Seeing his puzzled expression, she tugged on one baggy leg. “Recognize them?”
He frowned and looked closer, then raised his eyes to hers. “Are those mine?”
She grinned. “Zue stole them for me. I didn’t have anything else.”
“They fit you a lot differently than they fit me.”
“Thank goodness they do,” she said. “If they didn’t, I’d be worried.”
He started to argue. If she hadn’t looked so great, he wouldn’t have been quite as distracted as he now found himself. Forcing his eyes away from her curves, he tried to concentrate on the upcoming task. “Are you ready to go?”
“Yes.” She set her tea cup and saucer on the nearby patio table. “I’ve been up since daylight. I guess I’m nervous.”
“You might be in for an unpleasant time,” he warned. “Do you understand?”
“I do,” she said, “but it doesn’t matter. I need to see.”
He hadn’t expected to convince her otherwise, but he’d had to try. “All right, then. Let’s go.”
She grabbed her bag and they set off toward the barn. He’d told Zue last night to see that the BMW was ready and the tank topped off, and as always, she’d followed his instructions to the letter. Leaning just inside the opened doors, the bike was ready, the bags packed with water bottles and food.

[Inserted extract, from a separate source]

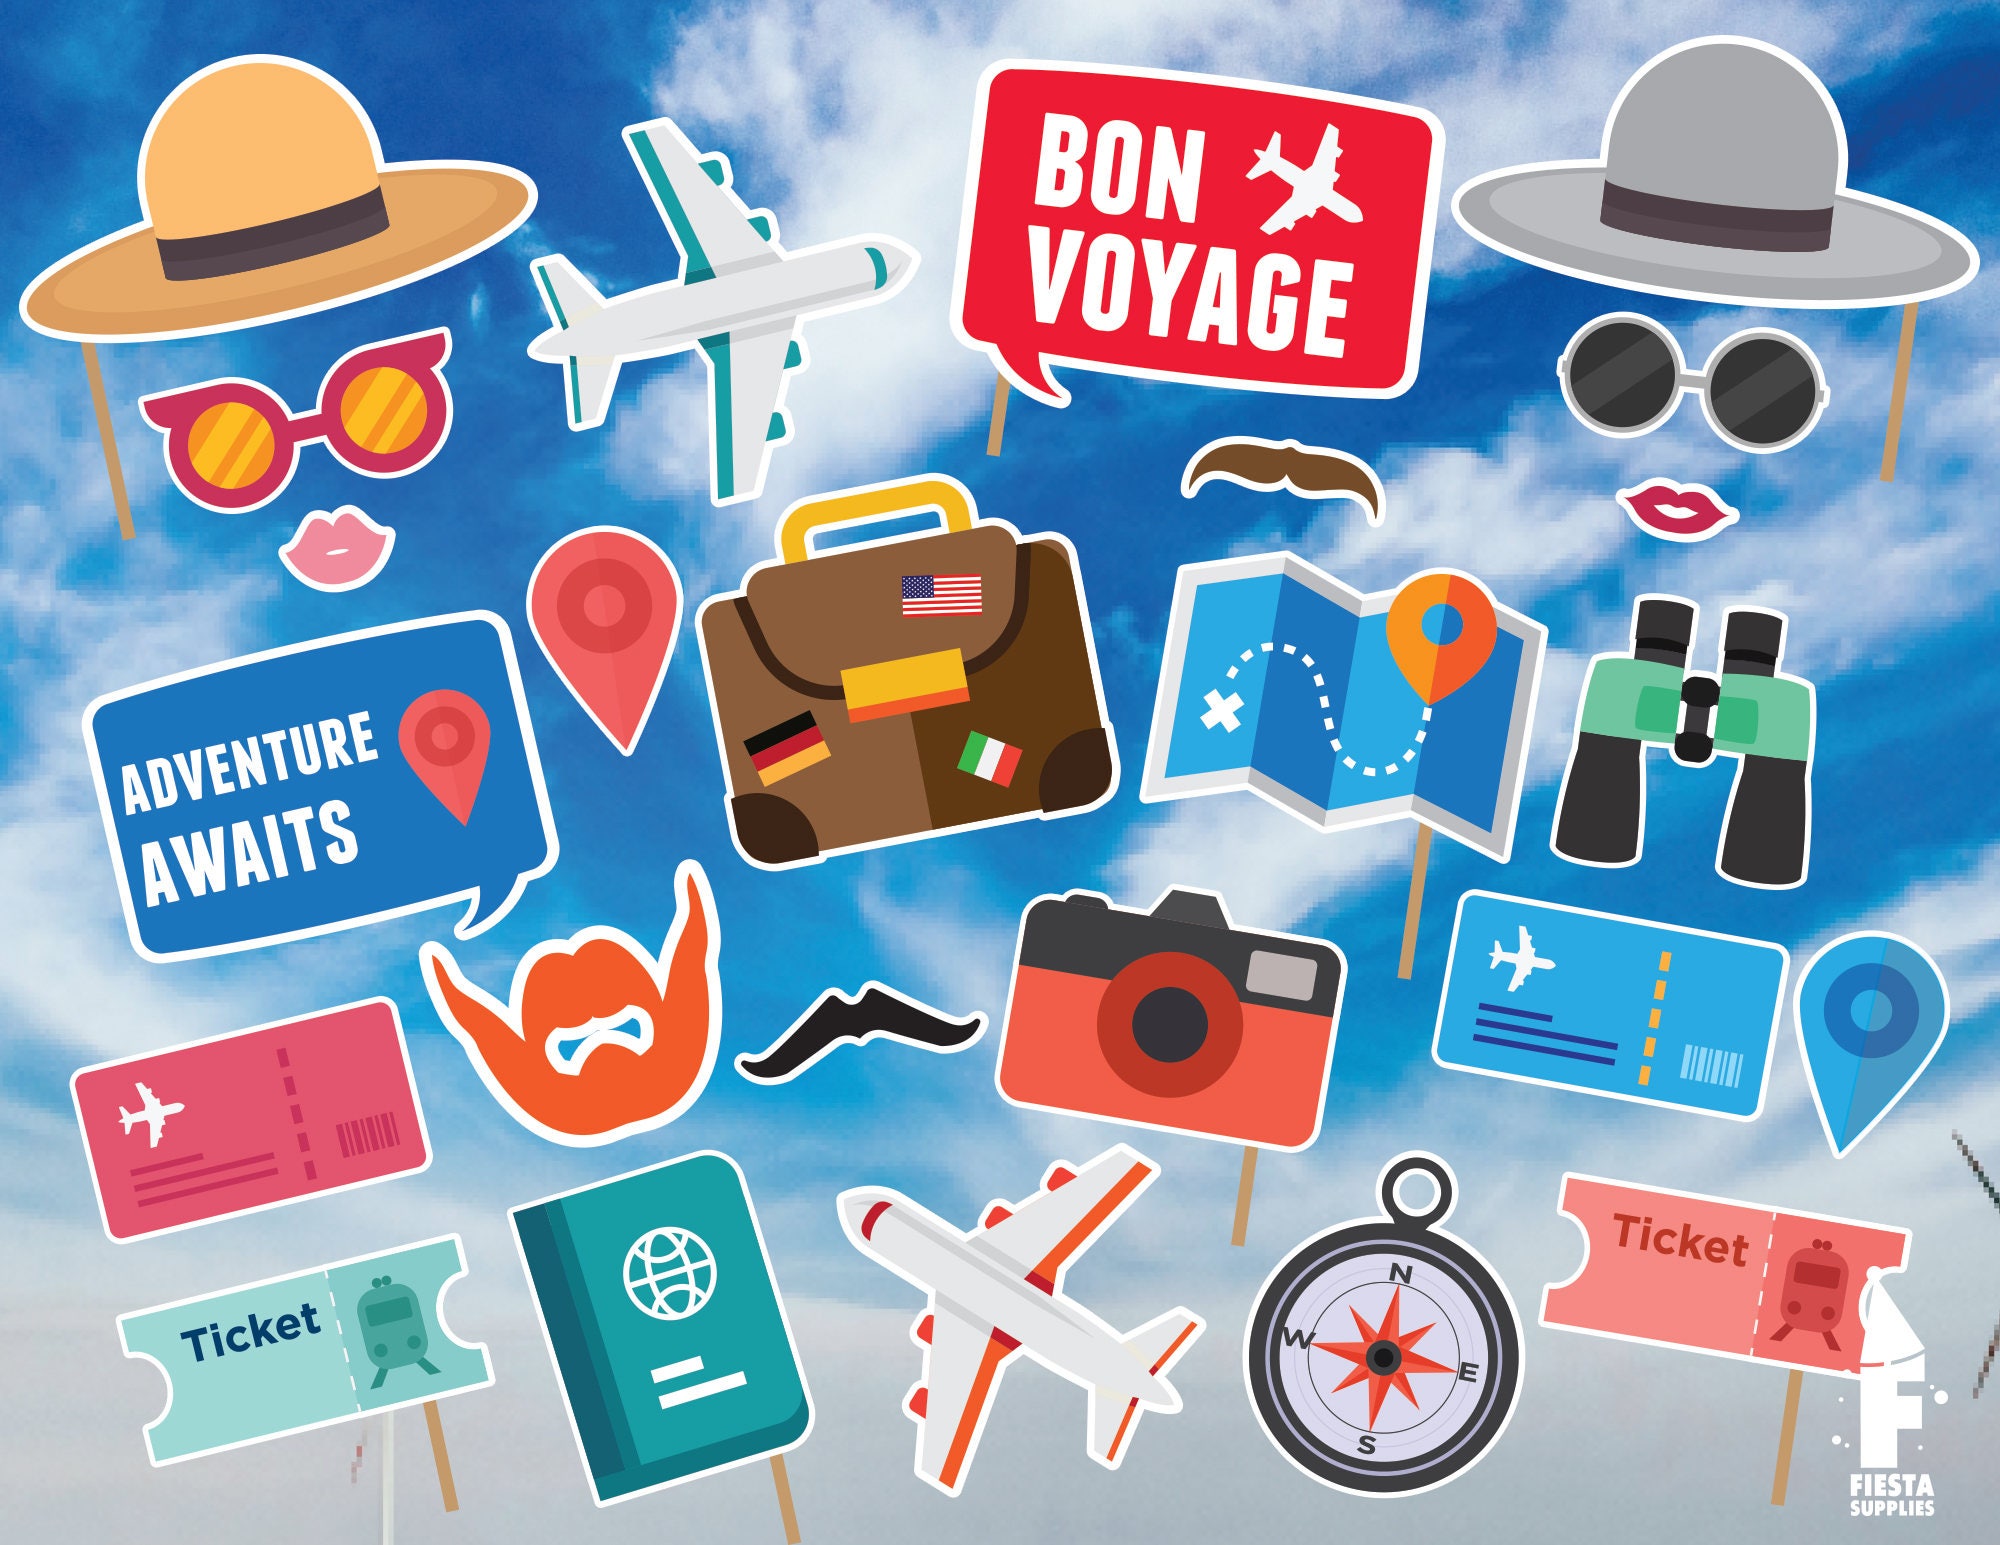 15-top-images-bon-voyage-decorations-uk-stowe-holidays-bon-voyage

Behind him, Lauren stopped. “Hey! I thought you said we had to hike—”
“I said it was a half-day hike. I didn’t say we had to go that way.”
“That’s not fair!”
“Life isn’t fair here. We could break down, we could have an accident, we could be ambushed…a million things could happen to us, all of them bad. If you didn’t have the strength to walk out on your own, then you weren’t prepared. I don’t operate that way.”
He expected her to argue, but her gaze narrowed and she stared at him instead. “You’re right,” she conceded. “I wasn’t thinking straight.”

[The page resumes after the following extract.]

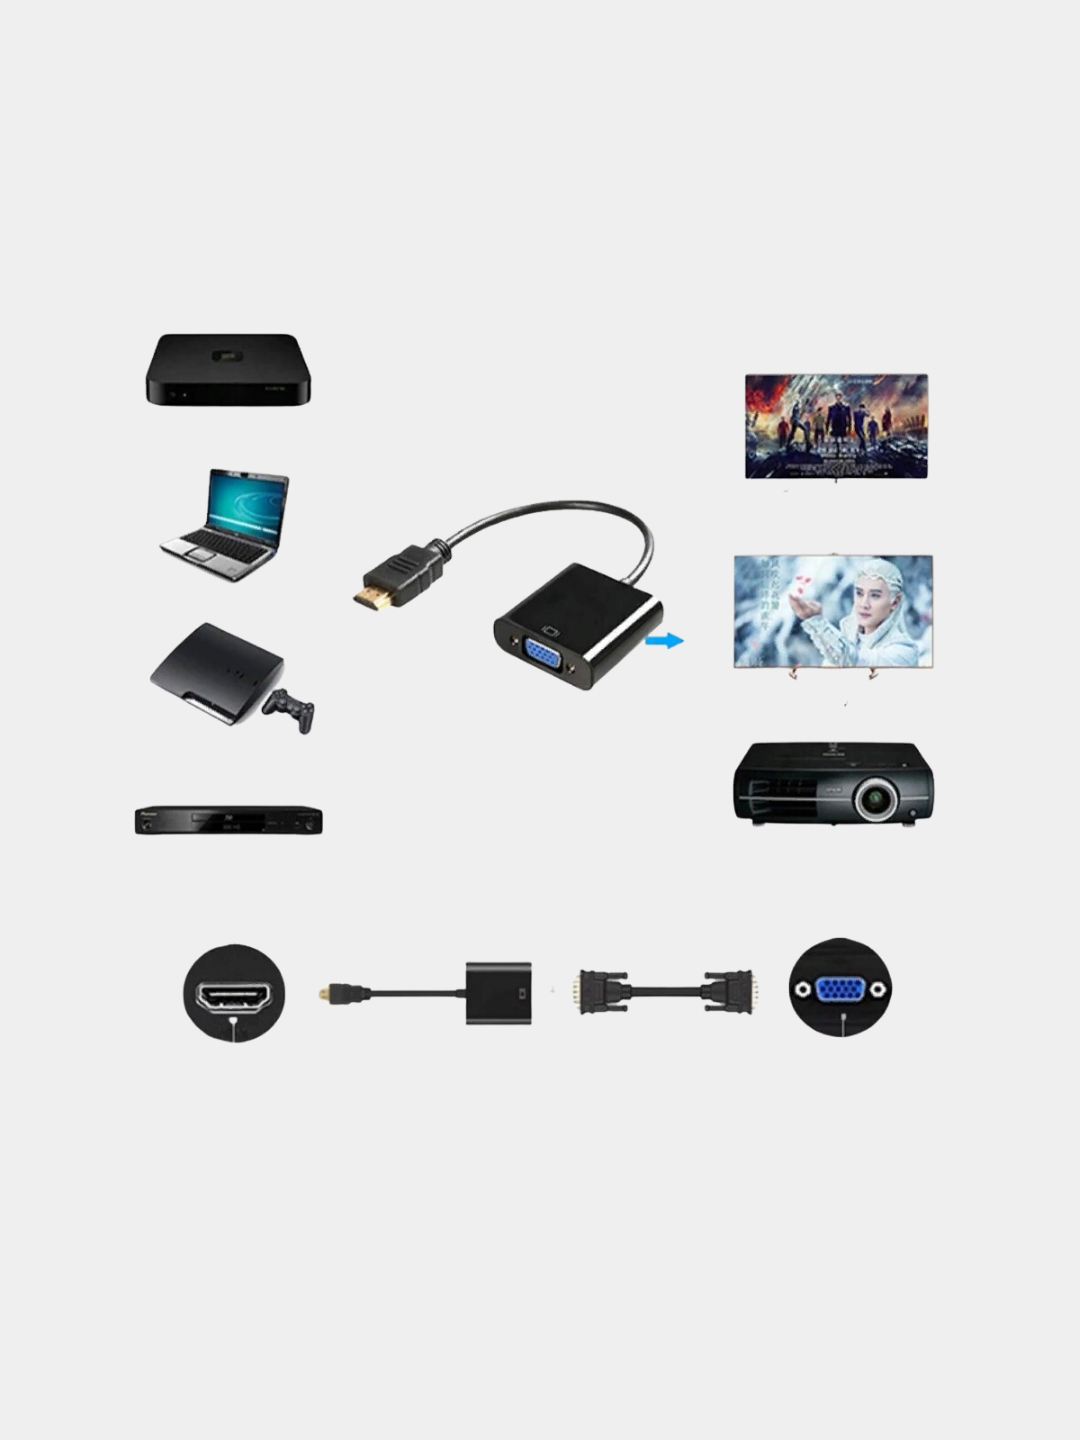 -переходник HDMI-VGA для подключения монитора, проектора, адаптер .

He nodded once, then threw one leg over the seat. She joined him, and a moment later, they headed for the jungle.
LAUREN WOULD HAVE CUT OUT her tongue before she complained but she was definitely relieved when Armando slowed the powerful cycle. For more than an hour, they’d been riding over what was basically a path, and she was ready to take a break. Every rut and bump had made itself known and she was aching in ways she’d never before experienced. Even worse than the roughness of the ride, however, was the impact of Armando’s nearness. She wasn’t accustomed to the sensations he was creating within her and she didn’t know how to deal with them.